Sending a document electronically is also considerably less expensive than sending a physical document, especially if you send a large number of files regularly. But there are also reasons that sending physical documents may be a better option.
For example, some documents are simply too large to send digitally. Those cases can involve specific deadlines for documents or need physical signatures from clients. In these instances, there’s no option for digital transmission.
As already mentioned, many people are wary of digital documents, especially those that contain sensitive or confidential information. It’s essential to have the right safeguards in place to send those securely to protect your client, yourself and your firm.
There are many reasons it simply makes sense for you to send documents using a courier. For one reason, some documents still can’t be sent digitally — such as when you typically have physical signatures or they need to be physically delivered to a specific person in a strict time window. You know your business best, and you’ll naturally know when and why it makes sense for you to send documents to those important recipients.
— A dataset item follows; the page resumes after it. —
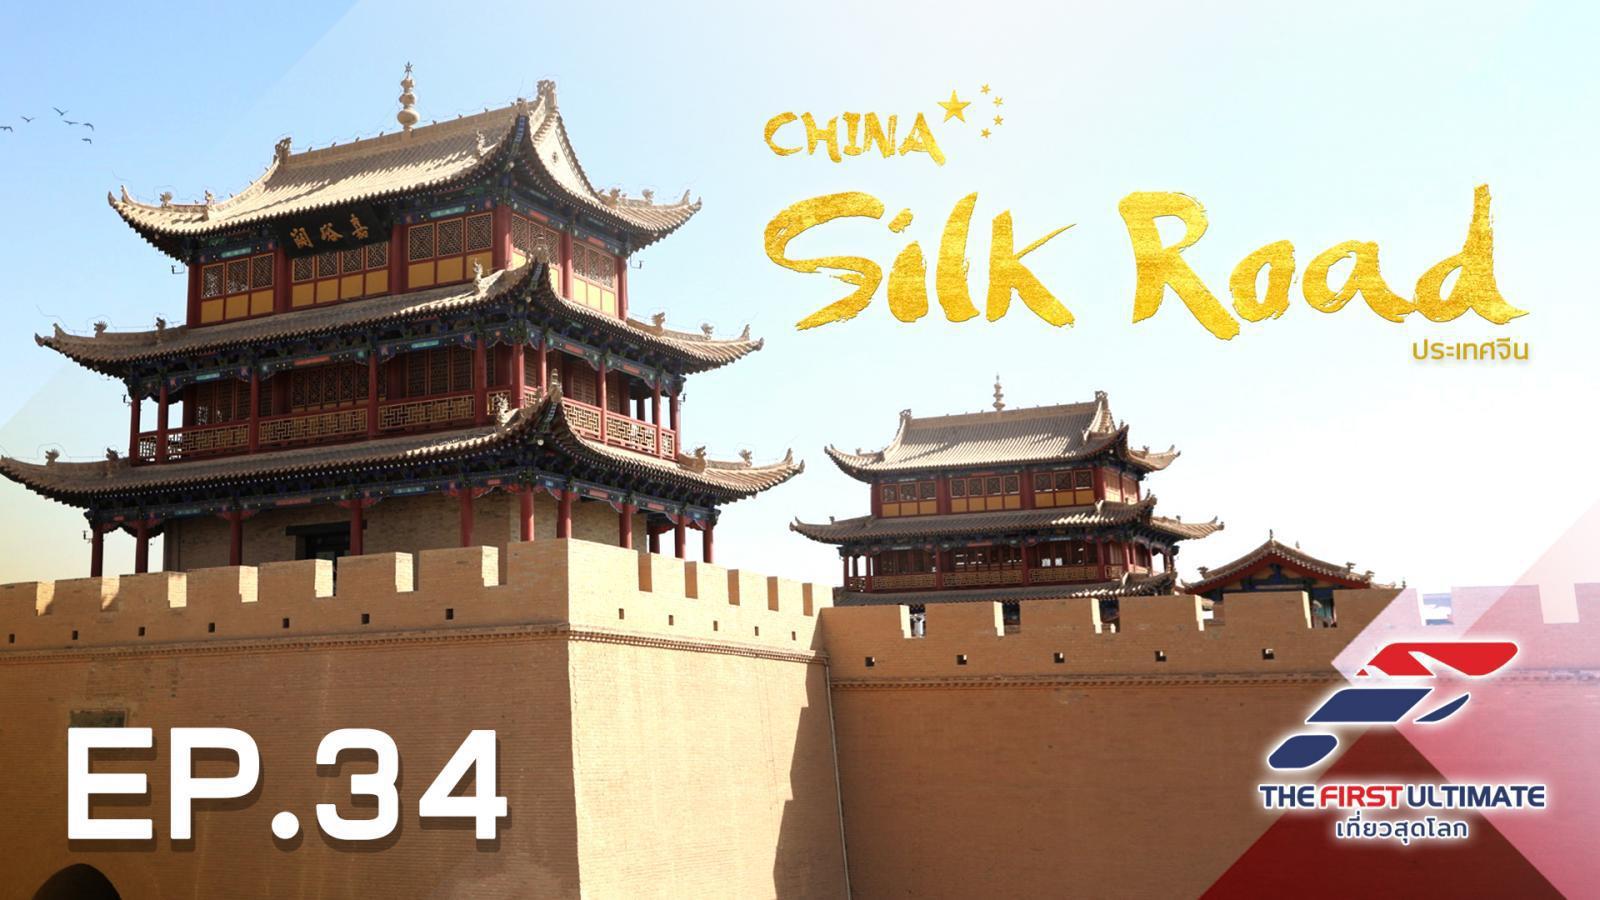 China Silk Road ตอน 2

Or, you may find that when it’s actually less expensive for you to send a hard file with a courier, that it just makes more sense to send those documents the way your send them all. There’s comfort in this method, even if only psychologically.
The Future and Trends of Legal Document Courier Services
Recent trends in the legal document delivery business cut across technological advances as well as the evolving landscape of legal requirements. On the tech front, with more and more legal documents being prepared digitally to begin with, it is no surprise that the trend continues for couriers to be able to accept more electronic documents in electronic formats.
With closings rapidly moving to the cloud, investors and other parties can electronically sign and notarize documents for transactions performed entirely online. That requires the courier to not only receive the documents but also return original documents when required.
Forward-thinking courier companies, of course, understand that to have all of these systems work together efficiently to handle the management of a legal document in its multiple versions at different times in various formats, knowledge of the file types and systems is imperative . In addition, courier companies have to be more knowledgeable about things like mandatory filing fees and related rules in order to become a true partner to its legal clients.
Add to this that the courthouse technology is evolving to allow for e-filing as well, and you can see why having an experienced and trusted courier service on your side becomes critical.
Another trend involves the increasing requirements for security certifications. While that touches upon many issues, including hiring practices and compliance with federal regulations, it is an overall trend that is quickly becoming the standard of practice in the industry. Companies such as EPIQ Court Review are bringing order to the certification process through certification standards, which have been accepted by 50 jurisdictions. As the new norm goes into effect in 2014, issuers of the EPIQ certification will issue certifications for qualifying courier services based these new standards.